For example, the timing controller 411 outputs a control signal
according to an instruction from the processor 41.
[0053] The information management unit 7 is a memory storing
management information, and the management information includes a
system preparation time T1 and a fusing preparation time T2. The
system preparation time T1 is a time required to complete
preparation of the system from starting the system. The system
preparation time T1 refers to a time from starting power supply,
executing the program stored in the program memory 45, performing
initialization operations of the respective units by setting
initial parameters to the image processor 2, the image output unit
3, etc., and completing these operations. The fusing preparation
time T2 refers to a time required to complete preparation of the
fuser 30 from starting heating of the fuser 30. The fusing
preparation time T2 refers to a time required until measured
surface temperatures of the heat roller 3101 and the belt heat
roller 3115 reach a target temperature range (a lowest limit of the
target temperature range), when continuous power supply control or
partial power supply control is performed on the fuser 30, or
continuous power supply control and partial power supply control
are selectively performed on the fuser 30.
[0054] Here, the relationship between an environmental temperature
and the fusing preparation time T2 will be described. FIG. 7 is a
diagram illustrating the relationship between an environmental
temperature and a fusing preparation time T2. As illustrated in
FIG. 7, a fusing preparation time is T21 at an environmental
temperature Tem1, and a fusing preparation time is T22 (T22<T21)
at an environmental temperature Tem2 (Tem1<Tem2). That is, as
the environmental temperature is high, the fusing preparation time
T2 decreases. Thus, in the management information, the fusing
preparation time T2 is stored to correspond to an assumed
environmental temperature. As an example, in the management
information, fusing preparation times T2 may be stored to
correspond to environmental temperatures.
[0055] FIG. 8 is a timing chart illustrating an example of start
control performed by the system processor 4 and the like of the
image forming apparatus M according to an embodiment. Although FIG.

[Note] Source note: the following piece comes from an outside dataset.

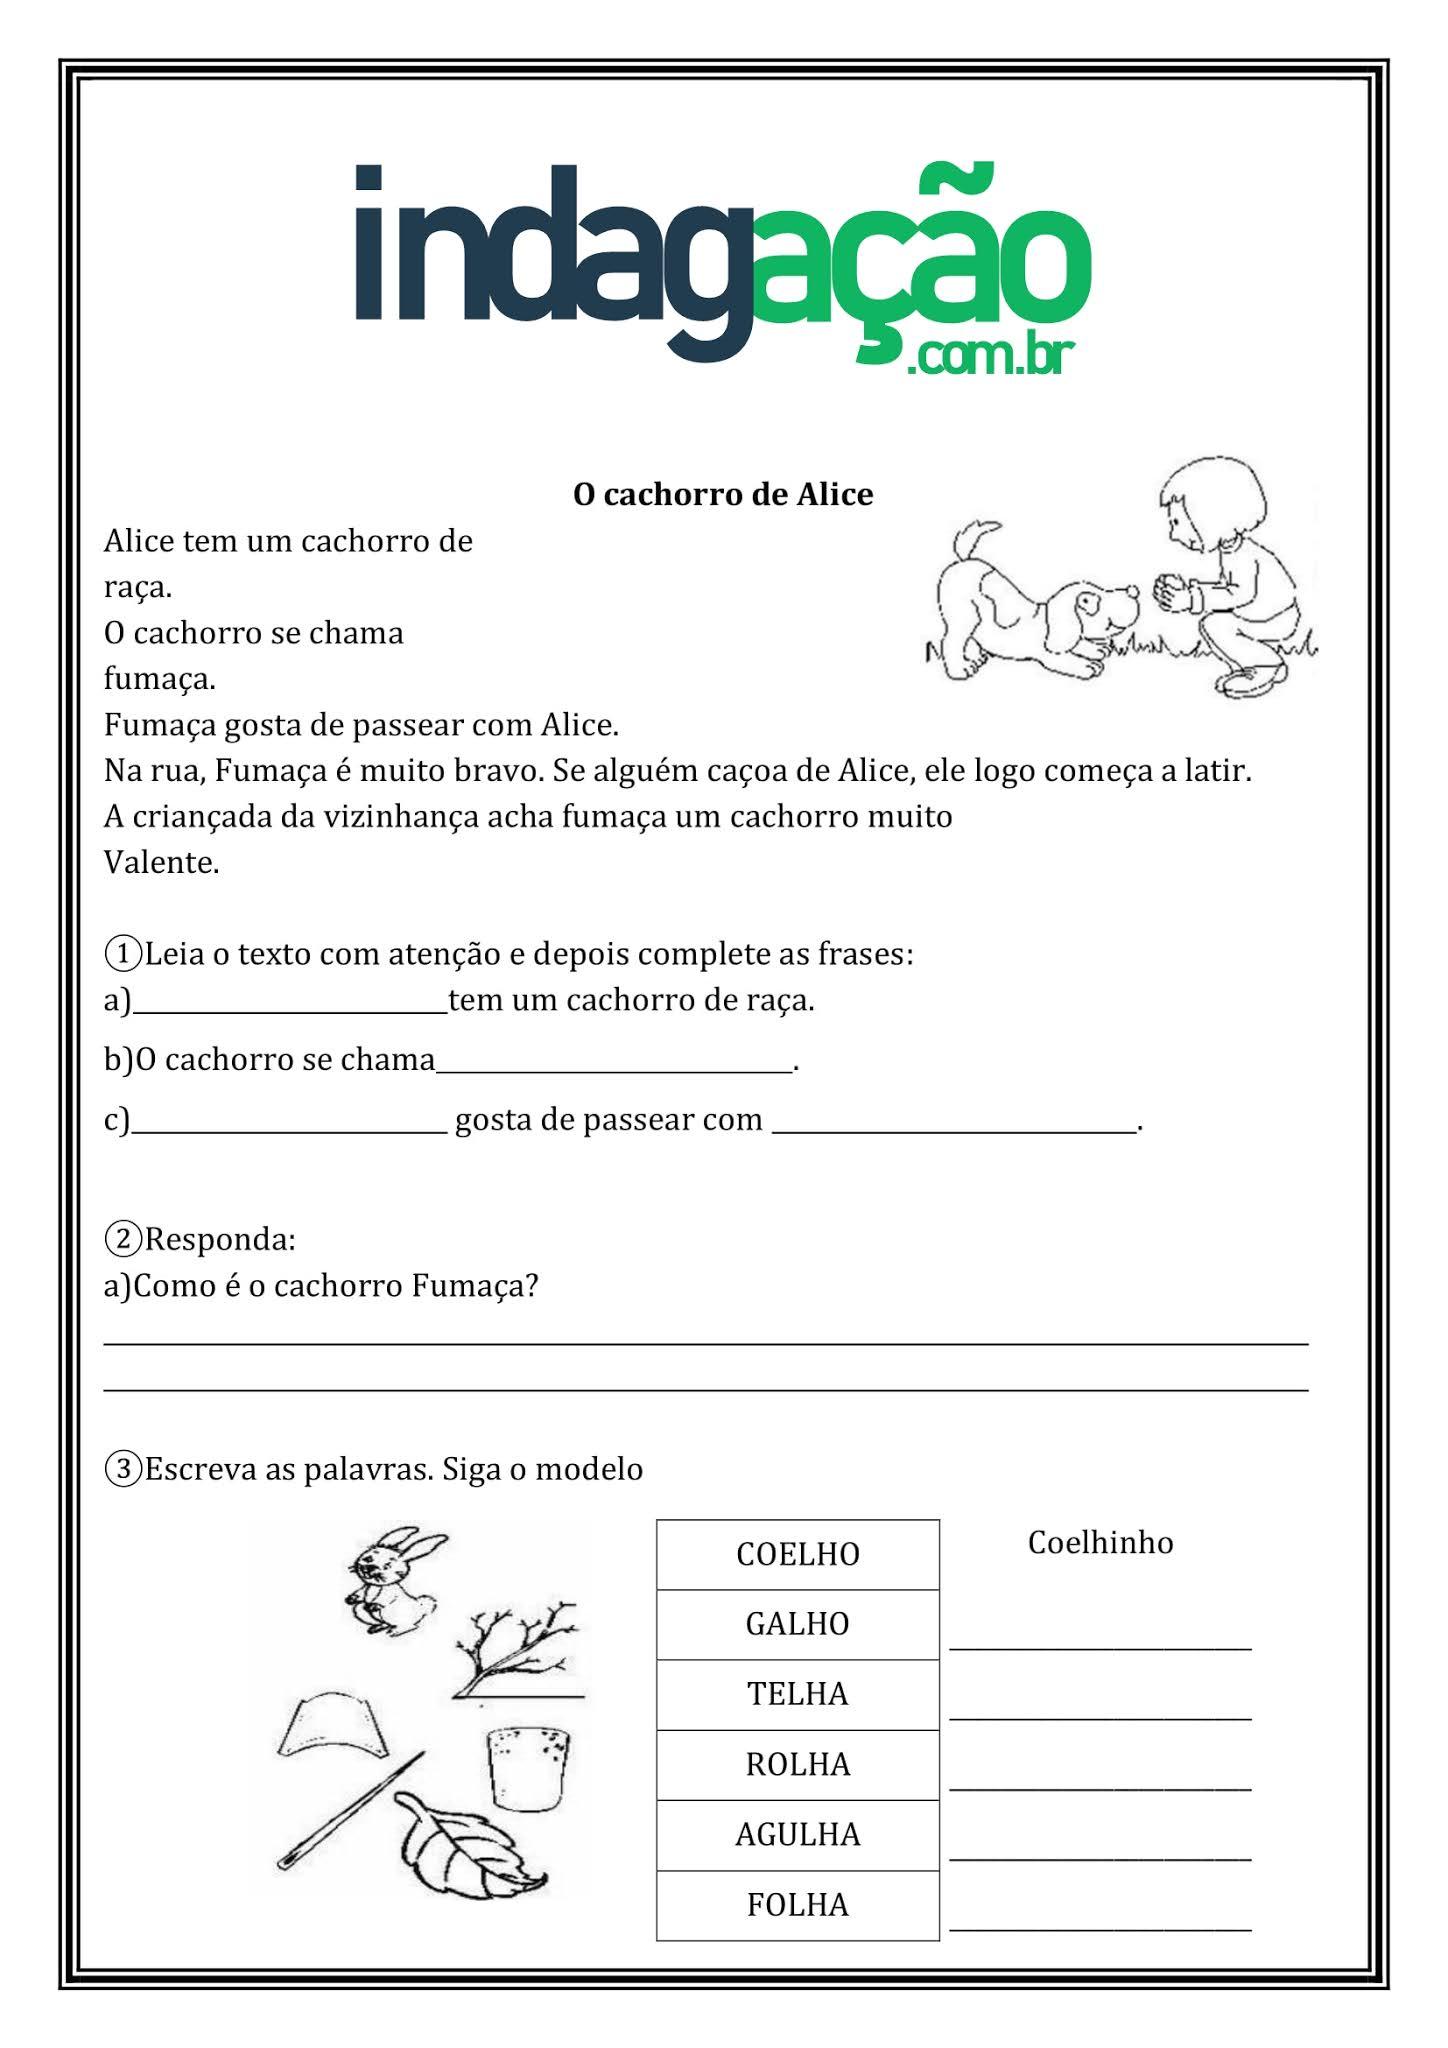 Atividade Português 2º Ano: Grau do Substantivo, Aumentativo e Diminutivo, Ortografia: LH, AS, ES, IS, OS e US - Ensino Fundamental

8 illustrates a case in which a system preparation time T1 is
longer than a fusing preparation time T2, there may be cases in
which the fusing preparation time T2 is longer than the system
preparation time T1.
[0056] When receiving a start command, the processor 41 may obtains
the system preparation time T1 from the management information, and
obtains the fusing preparation time T2 according to an
environmental temperature sensed by the temperature sensor 9. The
processor 41 compares the system preparation time T1 with the
fusing preparation time T2, and calculates a difference time
(T1-T2) therebetween and starts the system, when it is determined
that the system preparation time T1 is loner than or equal to the
fusing preparation time T2. Furthermore, the processor 41 starts
heating the fuser 30 after the calculated difference time elapses.
Accordingly, a first timing at which the preparation of the system
is completed and a second timing at which the preparation of the
fuser 30 is completed may be equalized.
[0057] FIG. 9 is a flowchart illustrating an example of start
control performed by the system processor 4 and the like of the
image forming apparatus M according to an embodiment. Here, it is
assumed that the image forming apparatus M is in an operation stop
state. A minimum amount of standby power is supplied to the image
forming apparatus M that is in the operation stop state. When a
start command is input to the control panel unit 5 of the image
forming apparatus M, the control panel unit 5 outputs the start
command and the internal interface controller 46 notifies the
processor 41 of the start command. When receiving the start command
via the internal interface controller 46 (ACT 1), the processor 41
starts start control. The processor 41 obtains a system preparation
time T1 from the information management unit 7, obtains an
environmental temperature sensed by the temperature sensor 9
(hereinafter, referred to as a `sensed environmental temperature`),
and further obtains a fusing preparation time T2 corresponding to
the sensed environmental temperature (ACT 2).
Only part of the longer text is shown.